Hi, I have three phase power, with a CT on each phase. When I add the integration, should I be ticking all three boxes?
You only need Meter 1 data…
1 Like
I am not quite sure about the correct location, but I think as @WillCodeForCats mentioned, you already have the required data. Just my formulas don’t work because your setup is different. And yes…my meter shows Import and Export:
So…probably the easiest would be to rebuild the formulas. I can have a look at it, but it may take a while. It is a bit of a puzzle to work out…

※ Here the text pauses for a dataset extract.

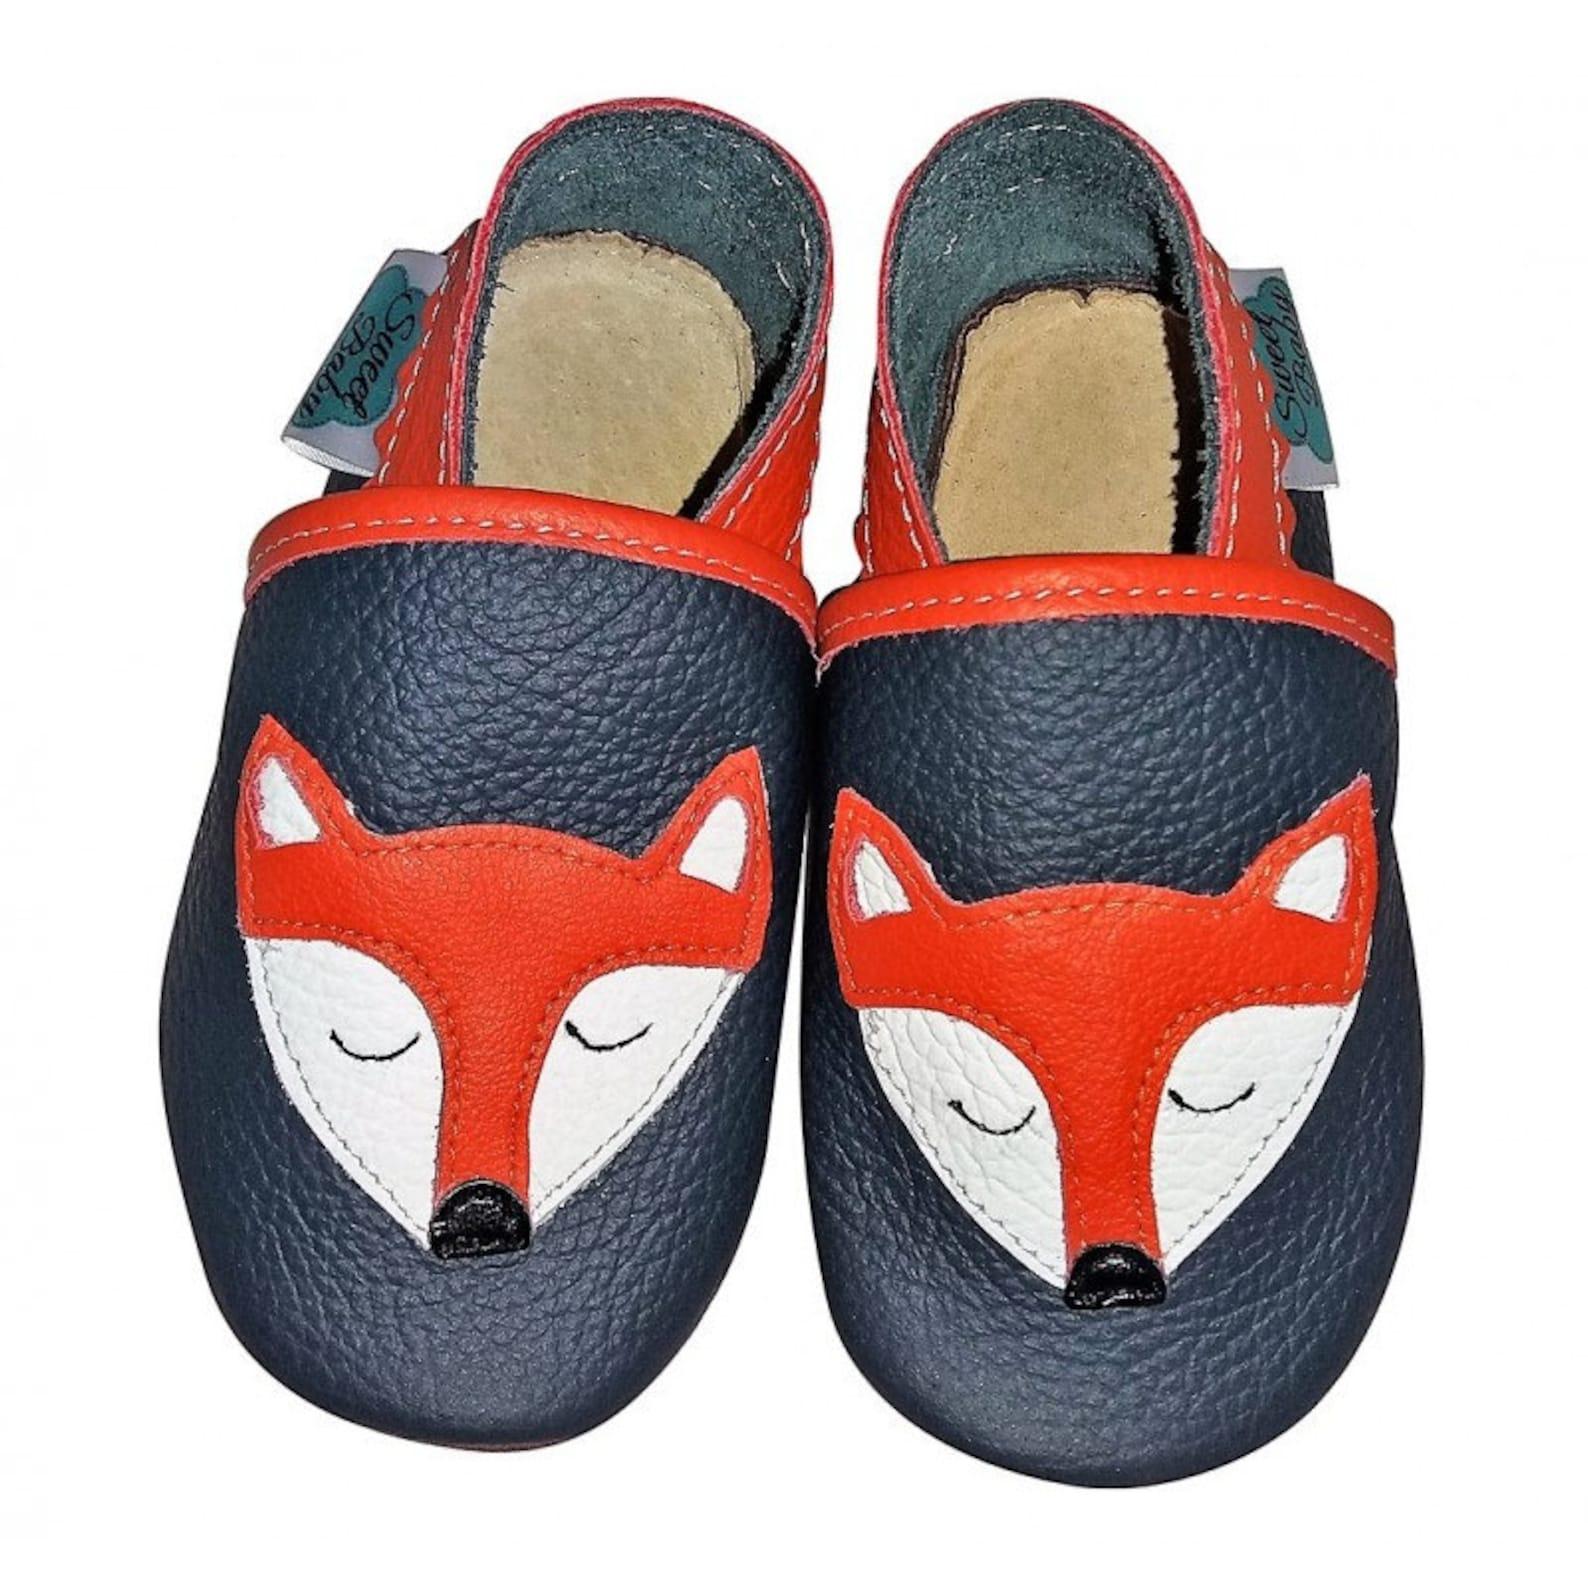 paputki, slippers, ballets leather size. 16-20

Thanks @Remko. I already contacted my installer with a lot more information about my system than I have shared here so hopefully they can make a recommendation on how to fix/update the system. I also sent in a support ticket to ctlsys.com to see if my meter does or doesn’t support E & I. If it doesn’t then I asked if they could give me a list that does. I will share that if they do. I have been looking at the energy file and it is very much a puzzle to me. I can tell that some of the items in the code are linked to other items. But I just don’t fully understand what everything means in the code. I really do appreciate all the help you and @WillCodeForCats have done for me. I know it isn’t always fun trying to figure out someone else’s problem.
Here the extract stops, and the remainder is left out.